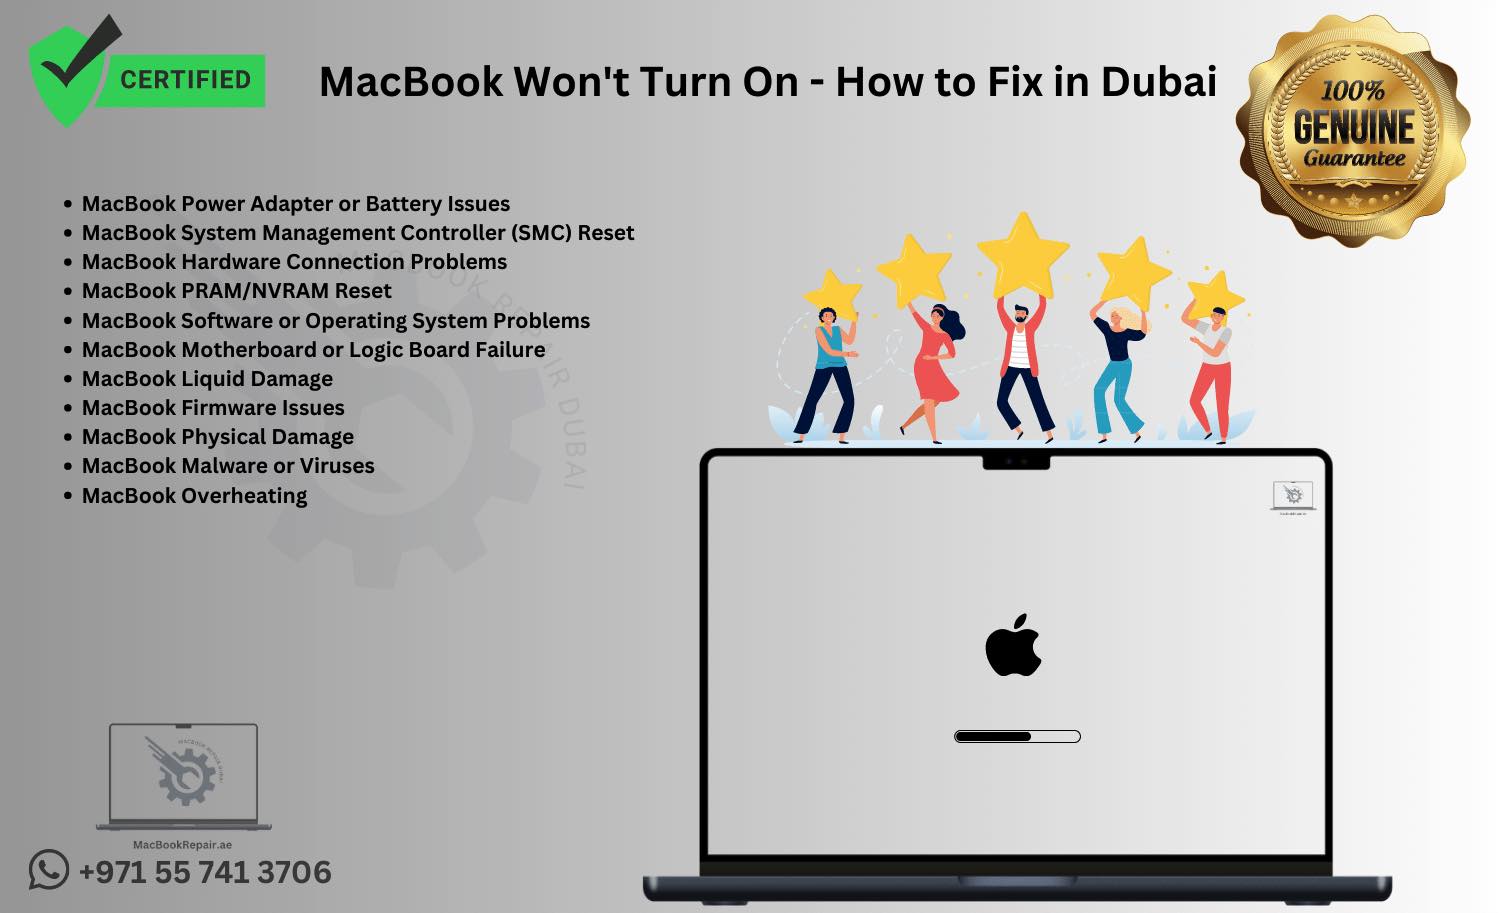 MacBook Won't Turn On - How to Fix in Dubai
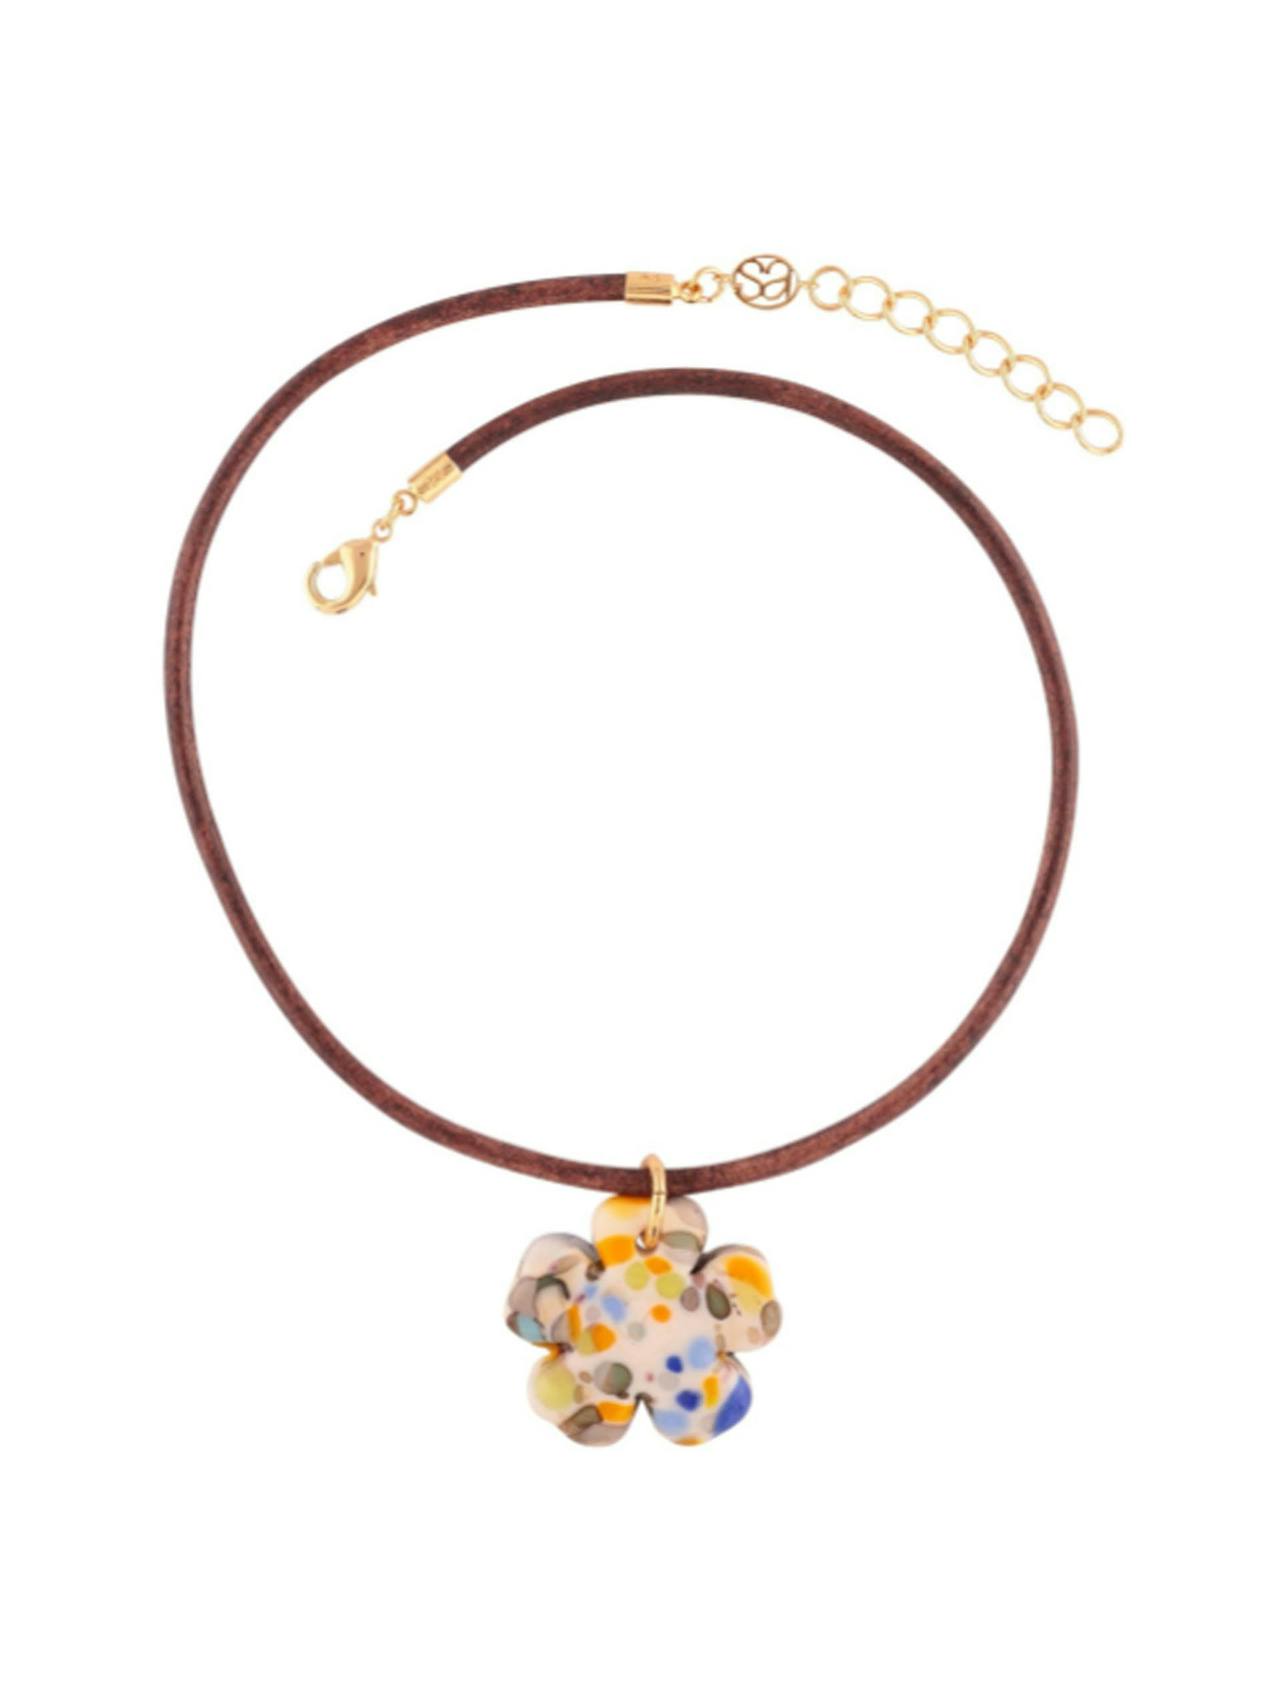 Multicolour clover leather cord necklace
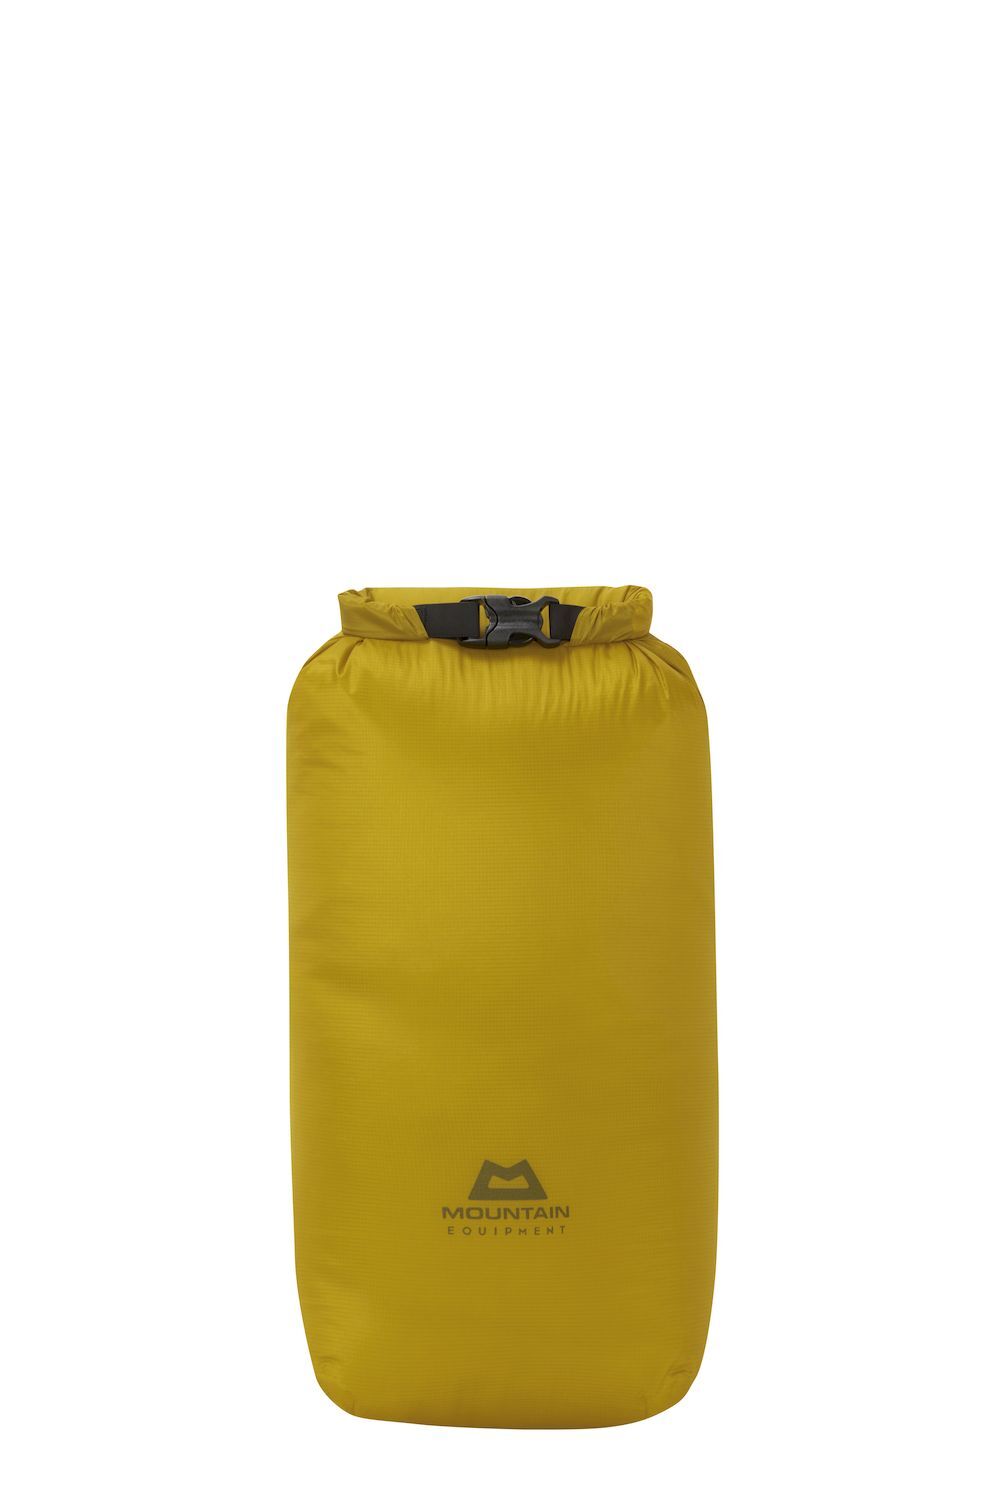 Mountain Equipment Lightweight Drybag 20L - Bolsa impermeable
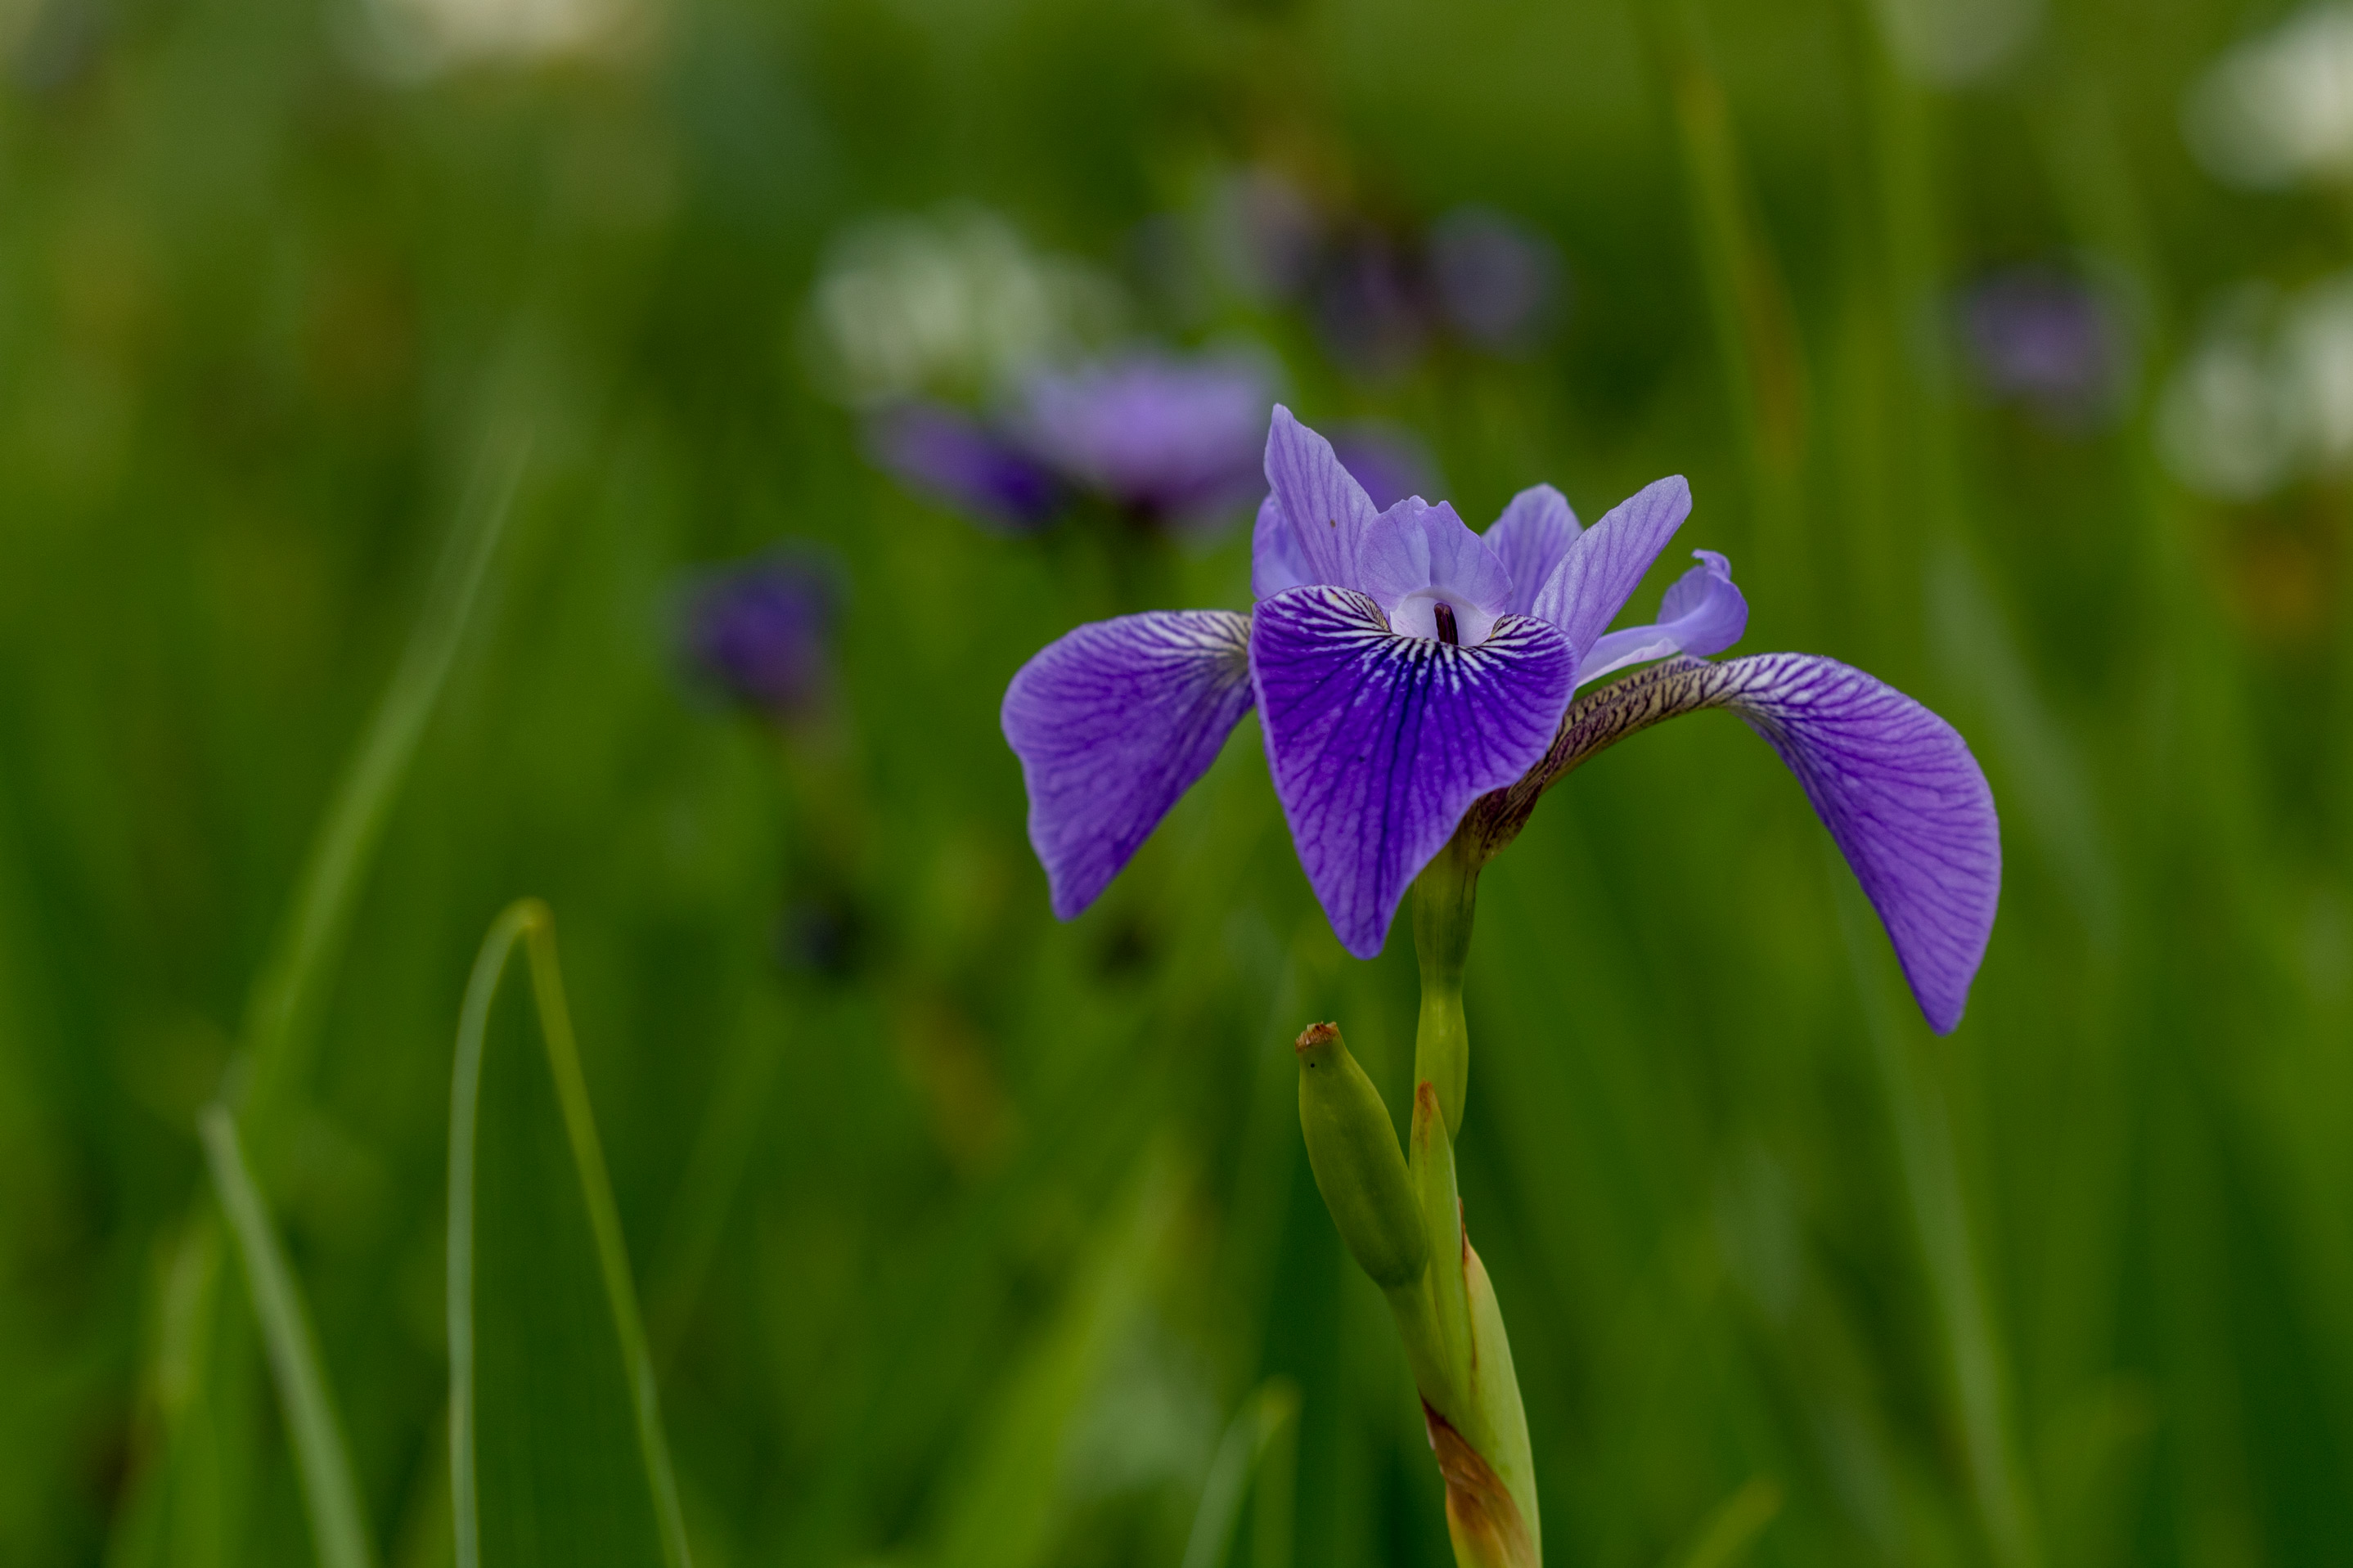 Blue iris against a blurred green background
# # # #
* **Assignment**: Leaving out the pictures, repeat the data above exactly.

* **Solution for this problem**:
 MacBook Won't Turn On - How to Fix in Dubai
 Multicolour clover leather cord necklace
 Mountain Equipment Lightweight Drybag 20L - Bolsa impermeable
 Blue iris against a blurred green background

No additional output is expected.